* **What the task asks**
What you produce should be an exact transcription of the data, minus any pictures.

* **Supplied data**
====================

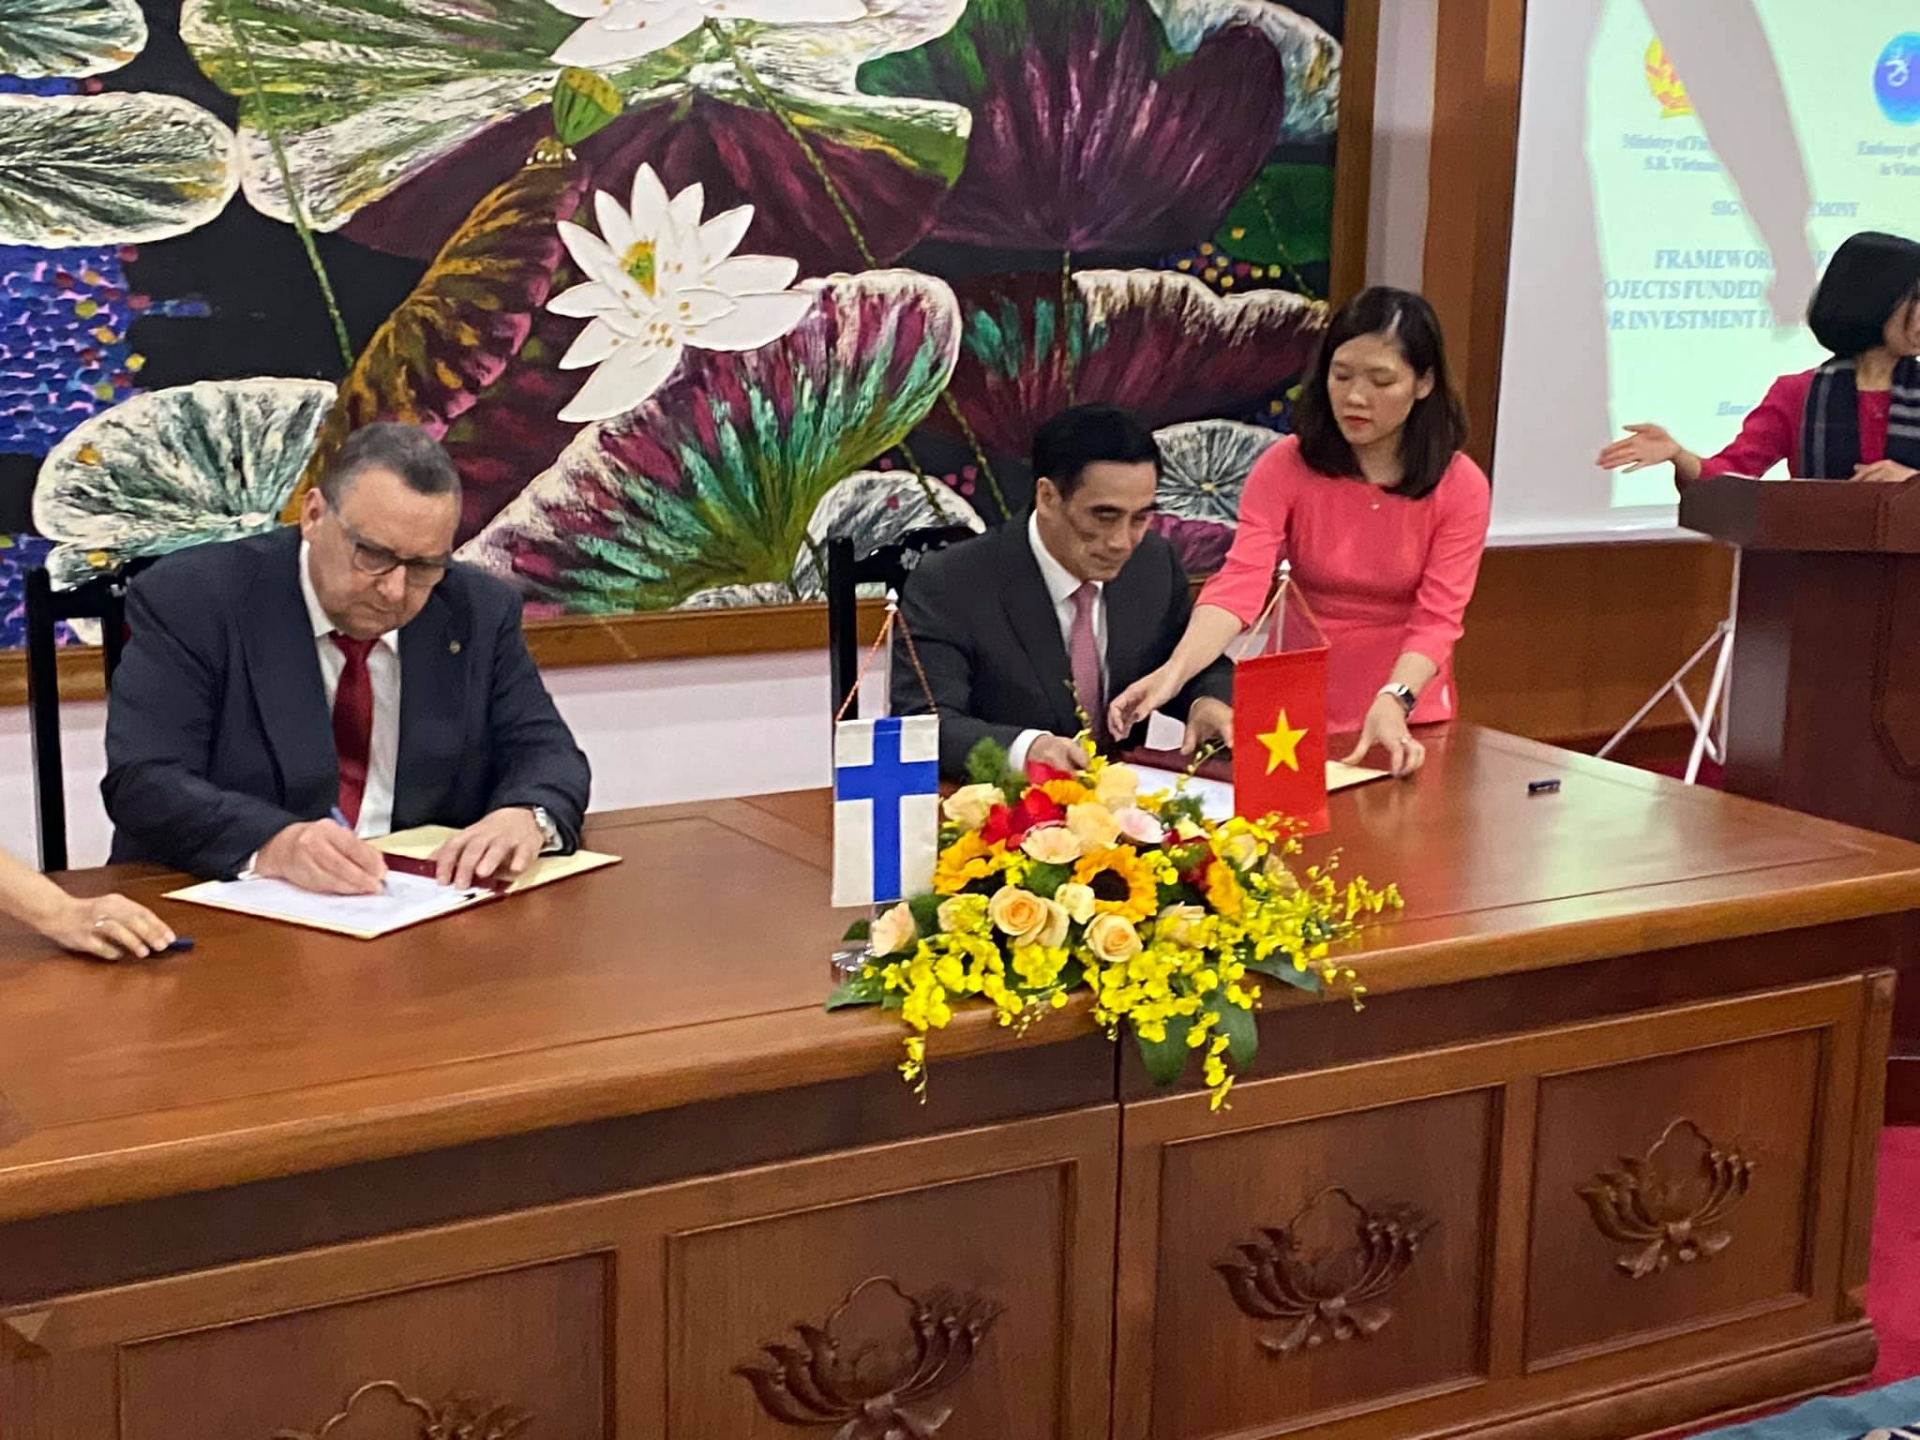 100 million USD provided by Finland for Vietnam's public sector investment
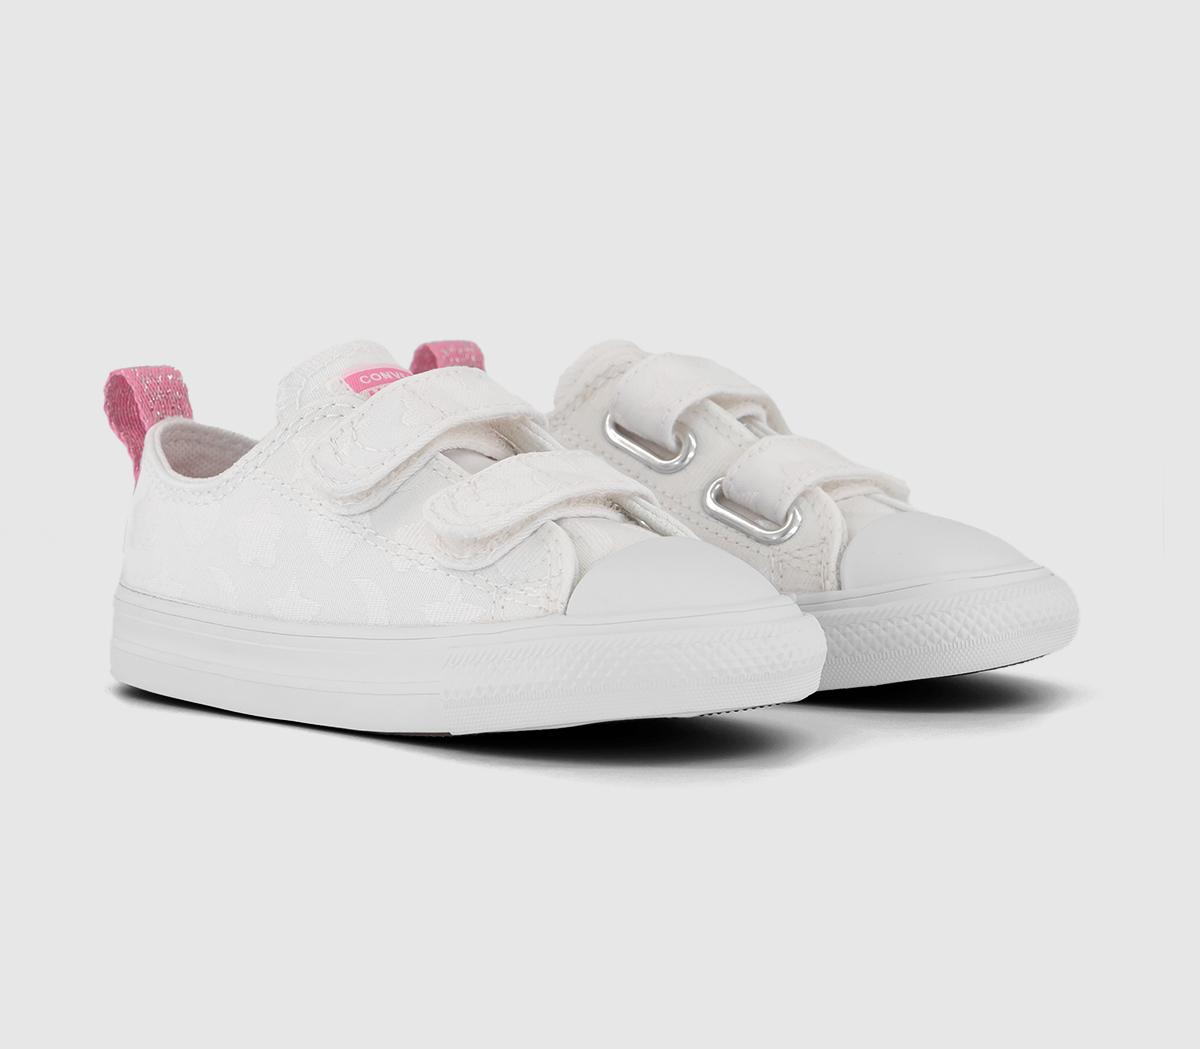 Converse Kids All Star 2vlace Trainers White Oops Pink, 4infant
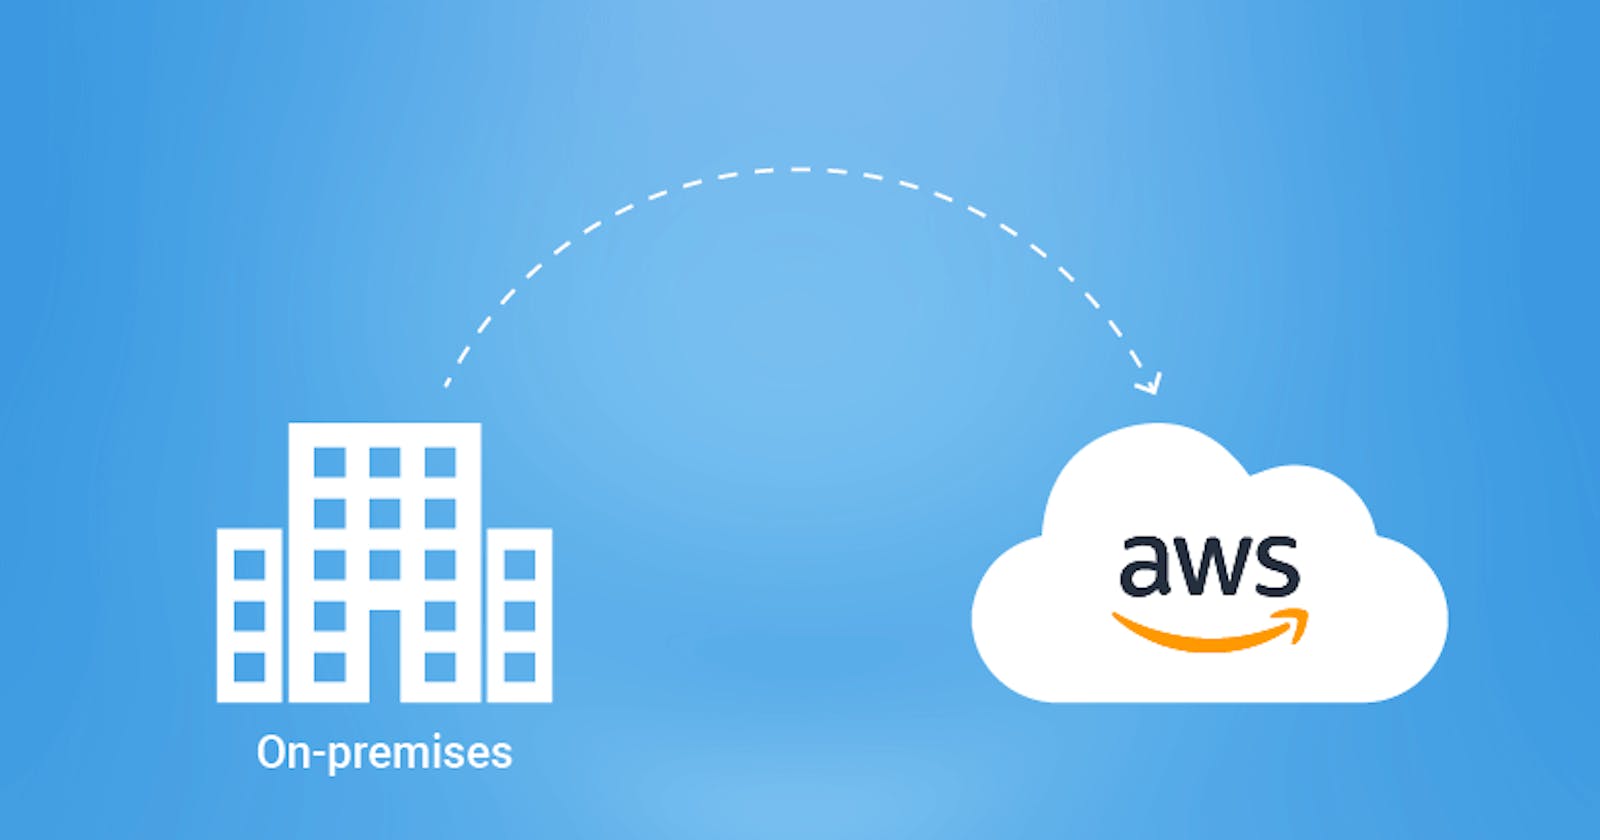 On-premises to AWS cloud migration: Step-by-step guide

====================

* **Task answer**
 100 million USD provided by Finland for Vietnam's public sector investment
 Converse Kids All Star 2vlace Trainers White Oops Pink, 4infant
 On-premises to AWS cloud migration: Step-by-step guide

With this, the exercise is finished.